▸ INPUT DATA:
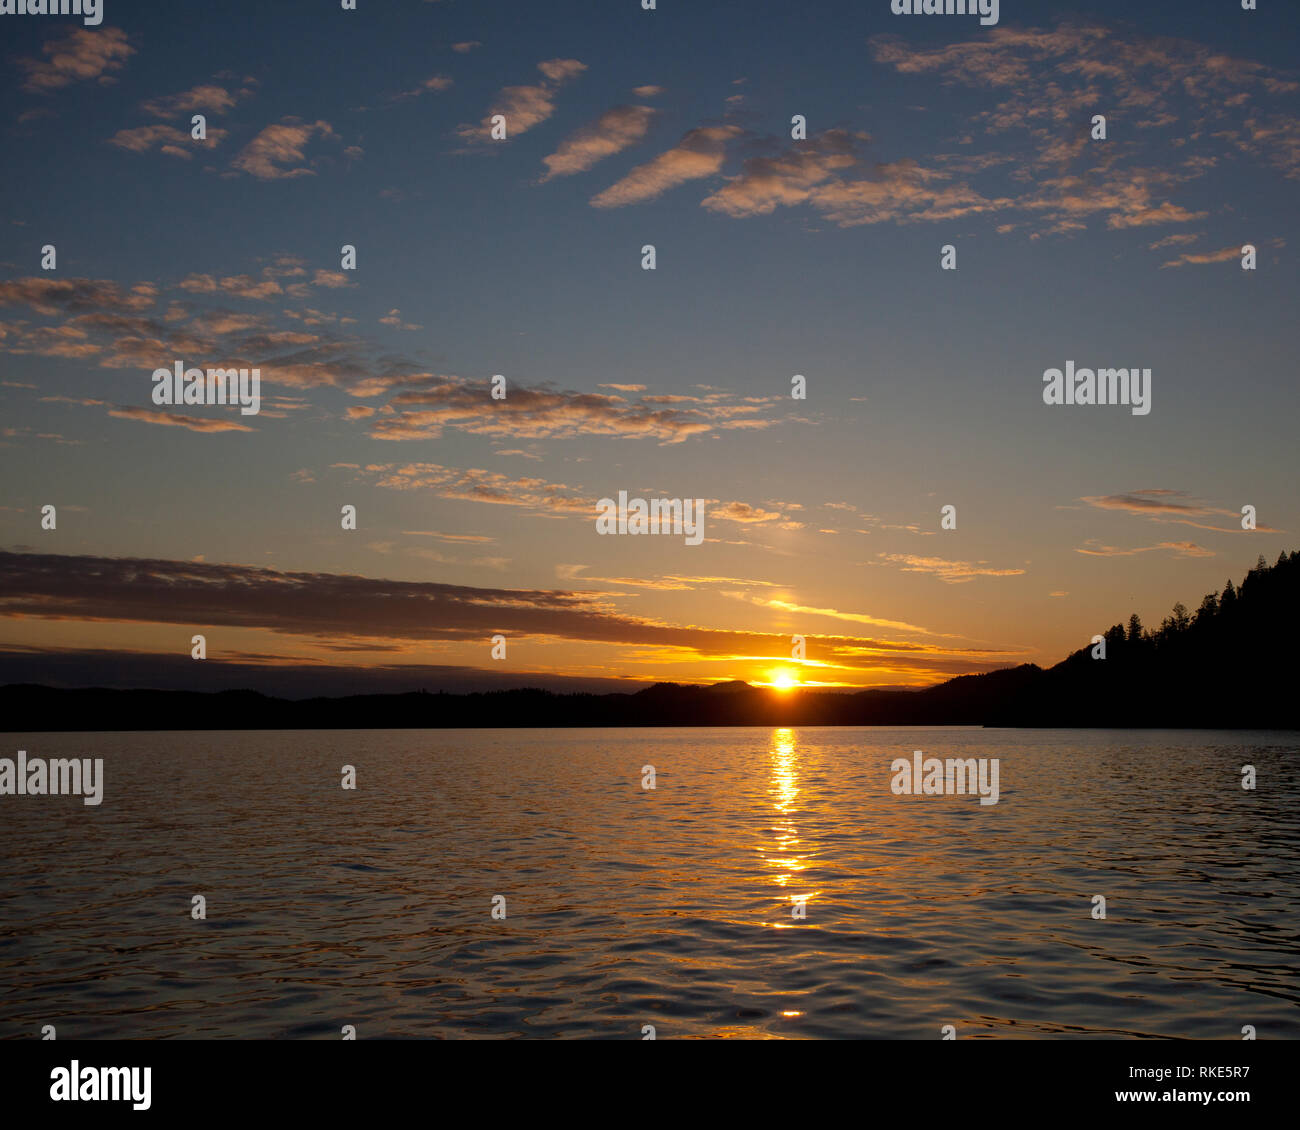 Desolation Sound, Desolation Sound, British Columbia, Canada - Stock Image
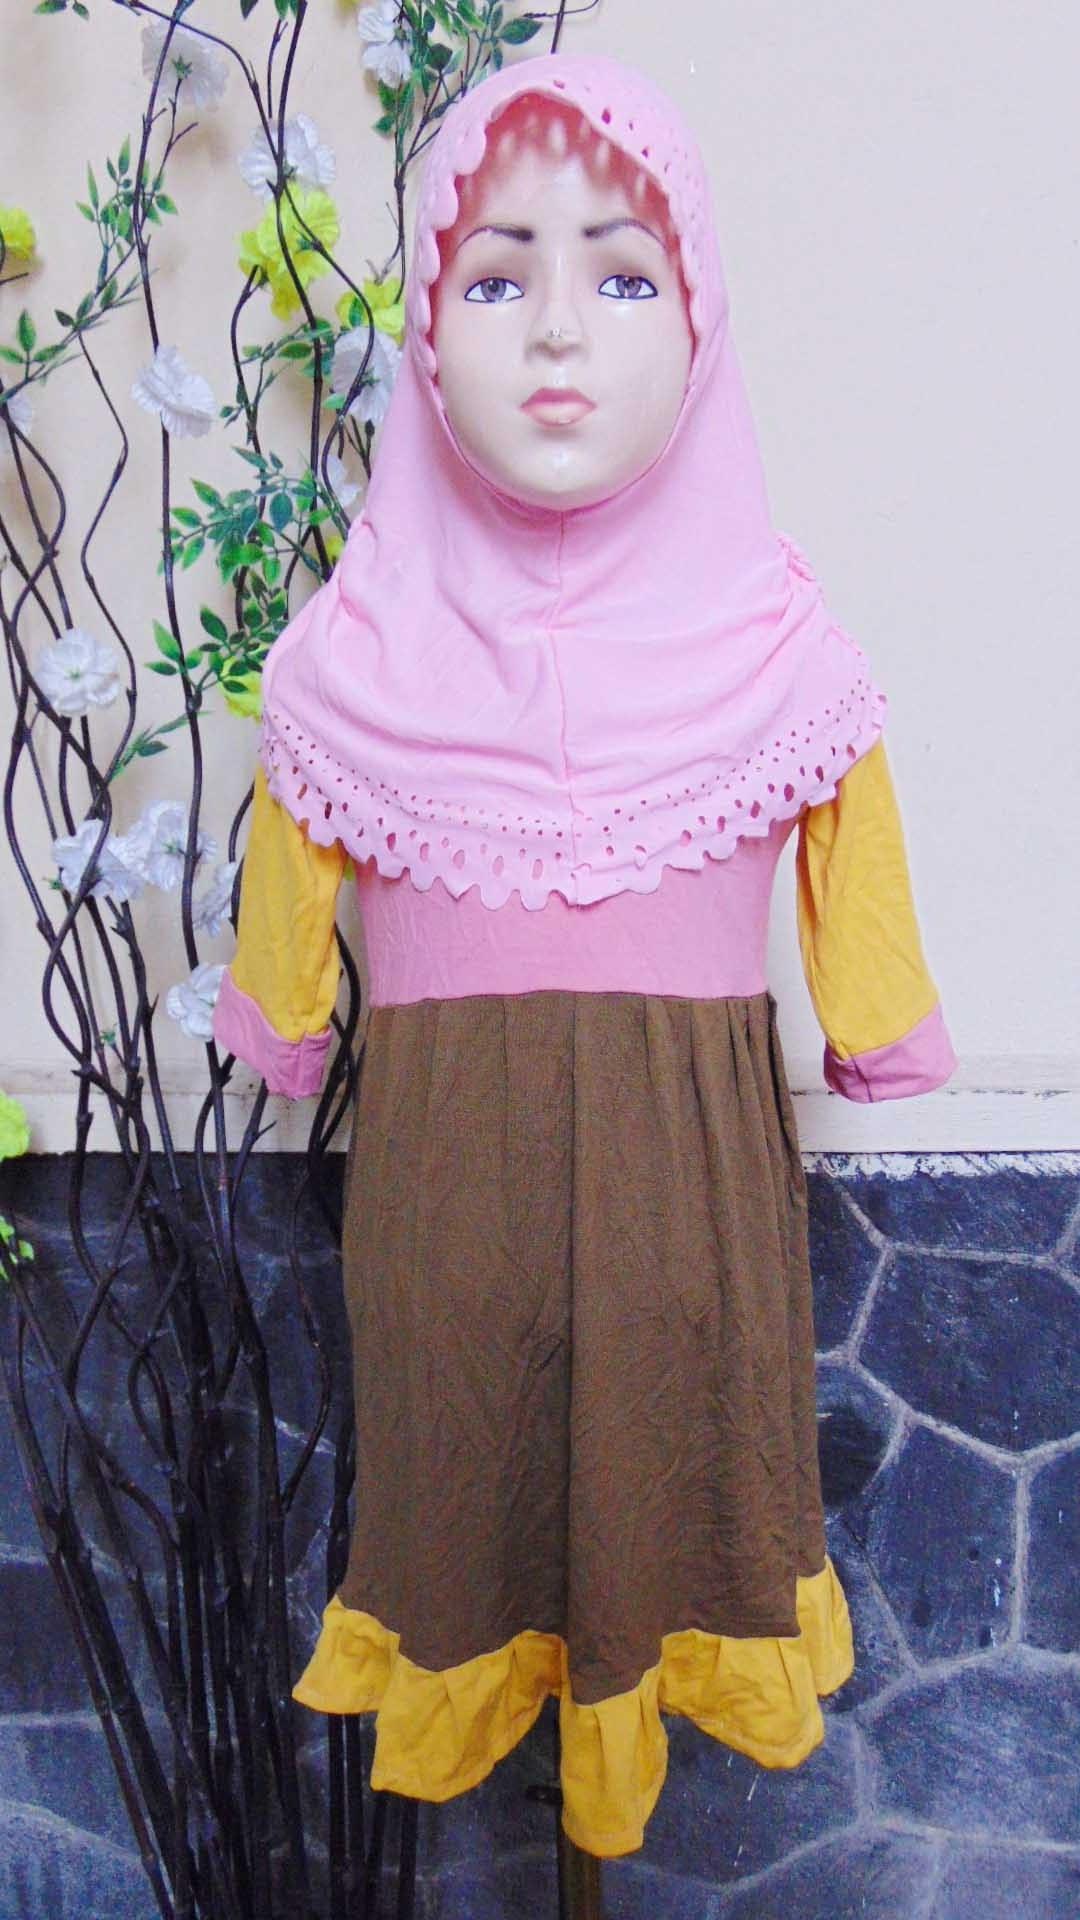 Ide Baju Lebaran Bayi Perempuan Dwdk Plus Jilbab Baju Lebaran Muslimah Gamis Bayi Perempuan
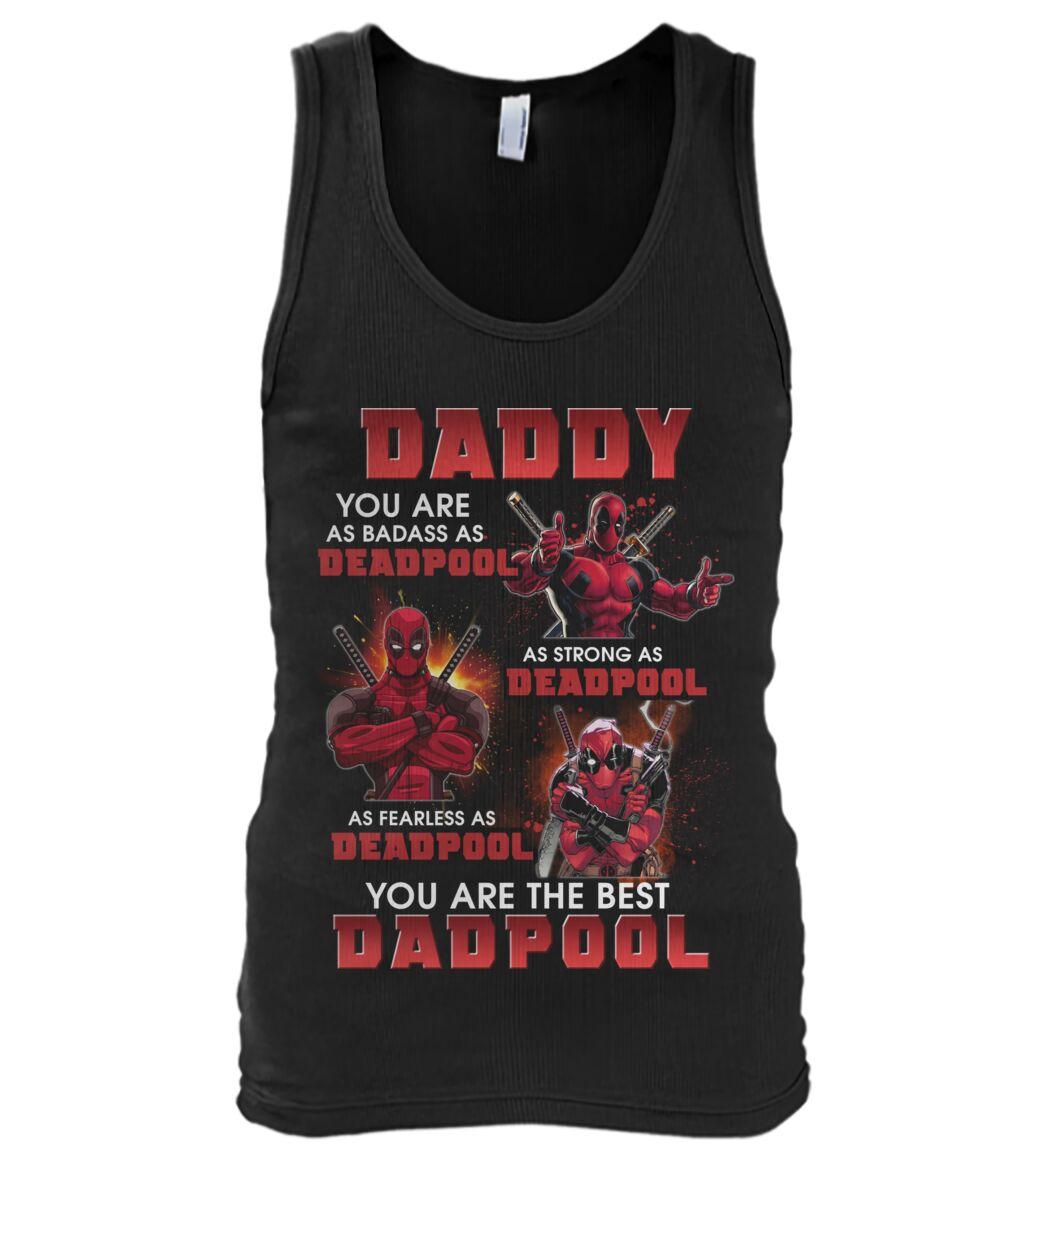 Daddy You Are As BaDass As Deadpool As Strong As Deadpool shirt 13

▸ EXERCISE GOAL:
Print the material verbatim; drop the pictures.

▸ ANSWER SPACE:
 Desolation Sound, Desolation Sound, British Columbia, Canada - Stock Image
 Ide Baju Lebaran Bayi Perempuan Dwdk Plus Jilbab Baju Lebaran Muslimah Gamis Bayi Perempuan
 Daddy You Are As BaDass As Deadpool As Strong As Deadpool shirt 13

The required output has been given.